Windows 7 : l’industrie informatique retient son souffle

« A votre avis, avec Windows 7, nos ventes vont redécoller ? » Cette question, de nombreux responsables marketing de constructeurs informatiques la posent régulièrement à chaque journaliste qui leur tombe sous la main. Une question à laquelle on peut être tenté – un mauvais jour – de répondre pas un sec « je ne suis pas analyste, je n’ai pas de boule de cristal. » Bon, ça, c’est vraiment pour les mauvais jours. Alors il y a la réponse aimable et prudente : « je ne sais pas. » Qui a le mérite de permettre d’engager la conversation pour un bon moment.

Car celui qui pose la question n’a pas, non plus, la moindre idée de la réponse : la question est sincère, pas du genre de celles que l’on pose pour avoir la simple confirmation de ses propres espoirs. Là, les équipes marketing des constructeurs de PC m’ont l’air dans le brouillard le plus total. A la limite de l’angoisse. Je les comprends, d’ailleurs : la période n’a rien d’exaltant sur le plan des ventes. Du coup, comme pour Microsoft, Windows 7 constitue un enjeu particulièrement important. En fait, c’est bien simple : toutes les gammes sont quasiment figées jusqu’au 23 octobre ; tous les produits présentés d’ici là ne seront commercialisés… qu’à partir du 23 octobre, lendemain du lancement grand public de Windows 7.

Bref, chacun mise sur ce lancement, synchronisé avec les fêtes de Noël, et avec la convergence de trois segments de marché renouvelés et à fort potentiel commercial : Netbooks, ordinateurs tout-en-un tactiles et ultra-portables économiques ; un cocktail complet visant à séduire le plus grand nombre.

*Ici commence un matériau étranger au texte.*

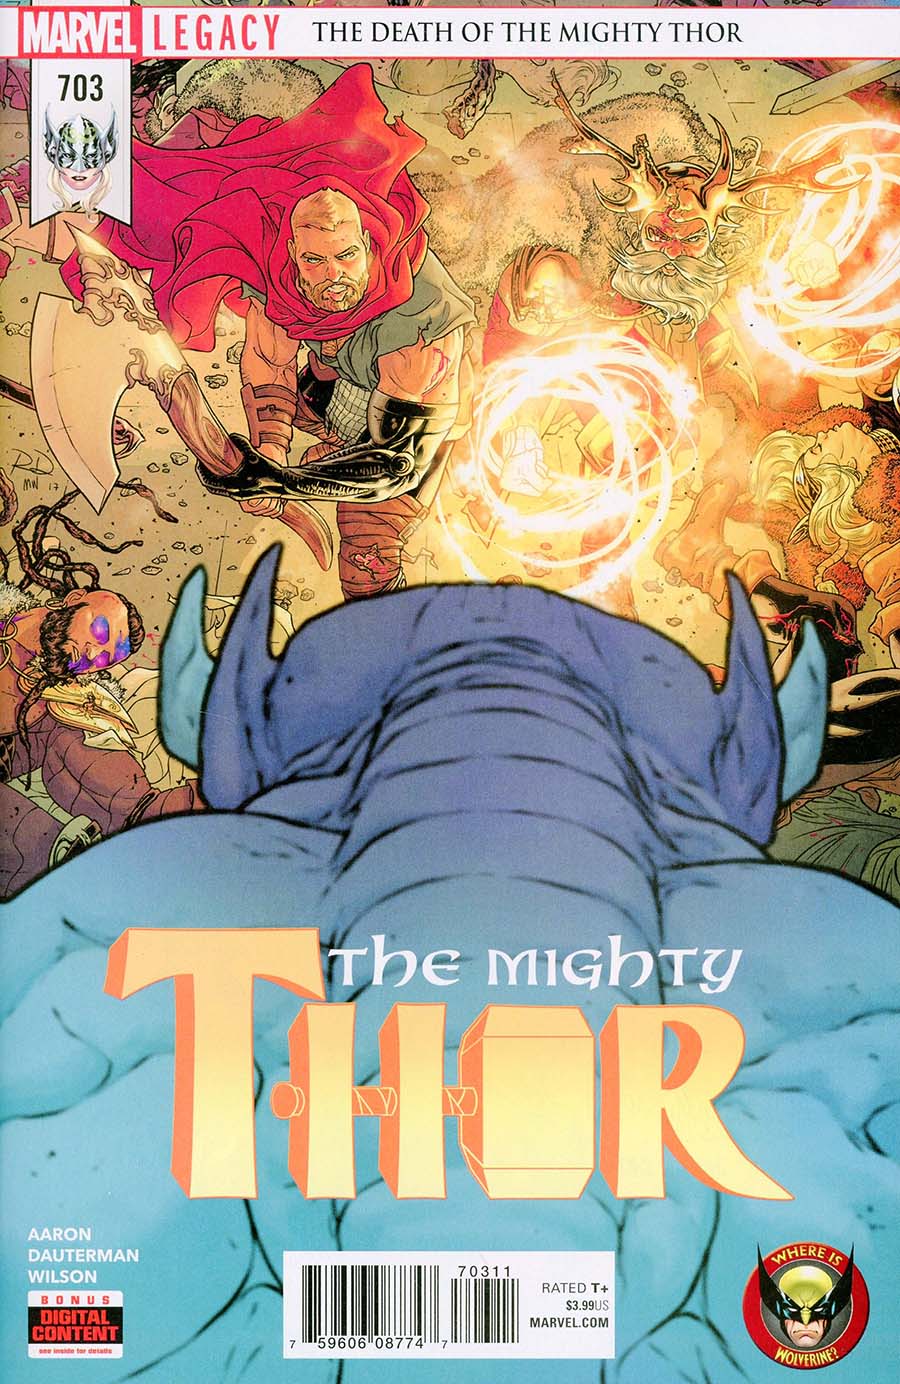 Mighty Thor Vol 2 #703 Cover A Regular Russell Dauterman Cover (Marvel Legacy Tie-In)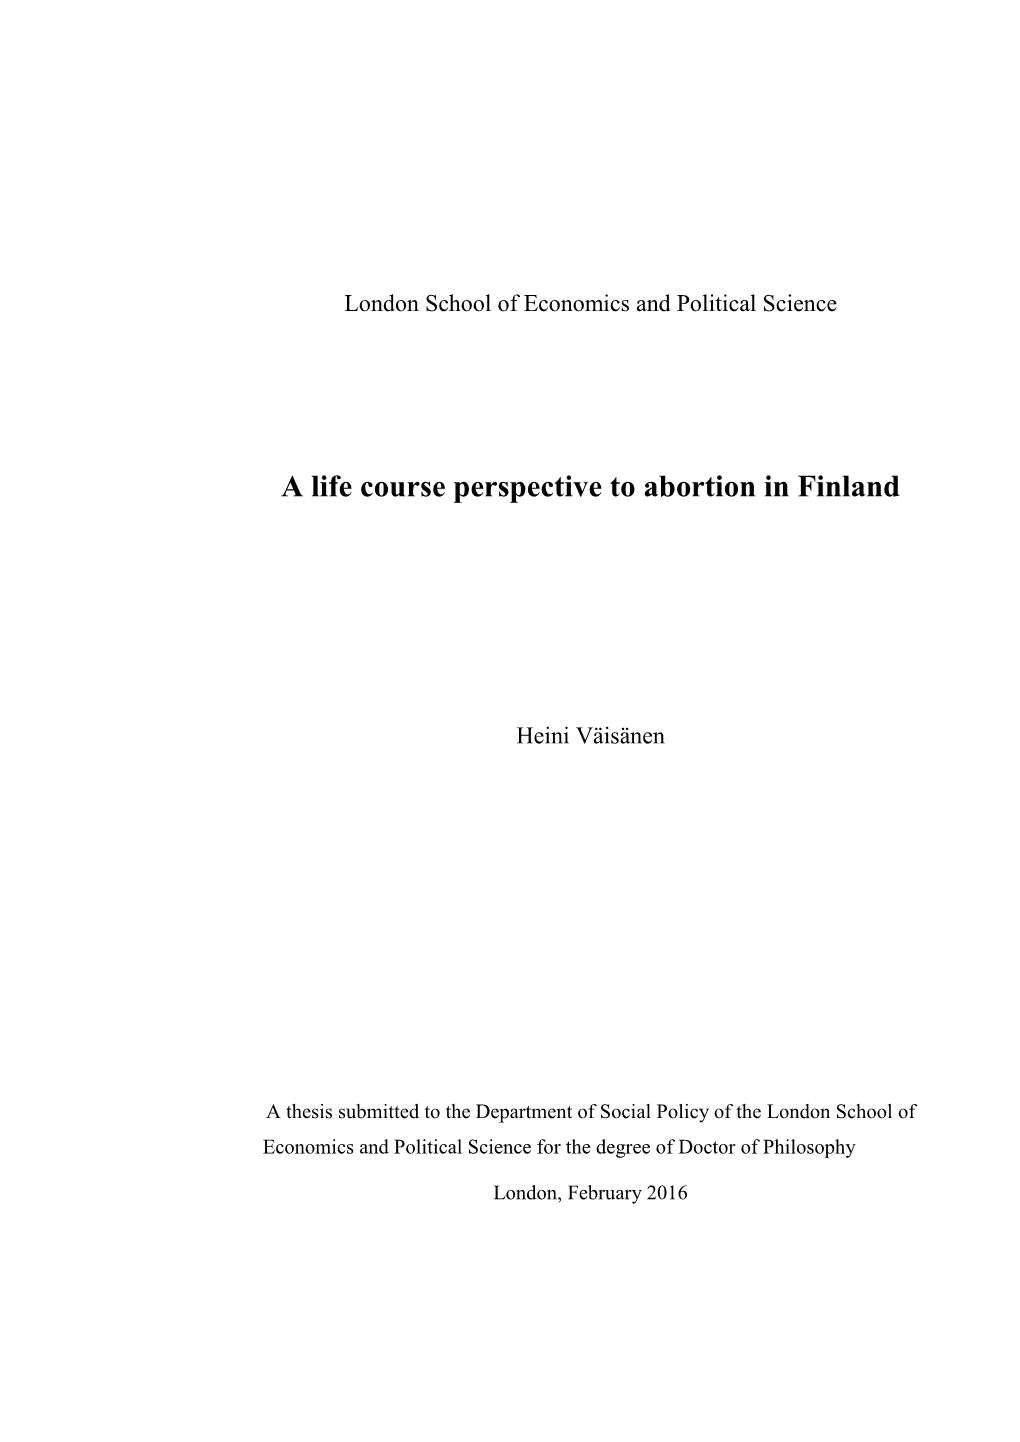 A Life Course Perspective to Abortion in Finland

Mais voilà, dans les esprits de chacun, le doute est là : dans sa grande majorité, le consommateur ne va-t-il pas se dire que, finalement, « Windows 7 c’est bien mais Windows XP suffit » ? Boom, une vente en renouvellement de moins. « Ces nouvelles machines sont bien, mais mon équipement me suffit et je ne vois pas quels usages je vais pouvoir améliorer ou découvrir avec ces nouvelles machines. » Bam, une autre vente de moins. Car le problème est bien là : la plupart de ces machines – netbooks, tout-en-un, ultra-portables économiques – visent l’équipement secondaire ; celui qui vient compléter l’équipement informatique déjà existant.

Une équipement loin d’être prioritaire… Et, surtout, concurrencé par les périphériques de l’ordinateur, à commencer par l’iPhone ! Ben oui, je parle PC et j’arrive à revenir à l’iPhone – je ne le fais pas exprès, c’est promis. Mais, très sérieusement, je me demande si l’iPhone n’est pas capable de cannibaliser une part des ventes d’ordinateurs personnels de second équipement. Tout simplement parce que, avec lui, pour beaucoup et avec l’aide du bouche-à-oreille, l’innovation en termes d’usages relève de l’évidence.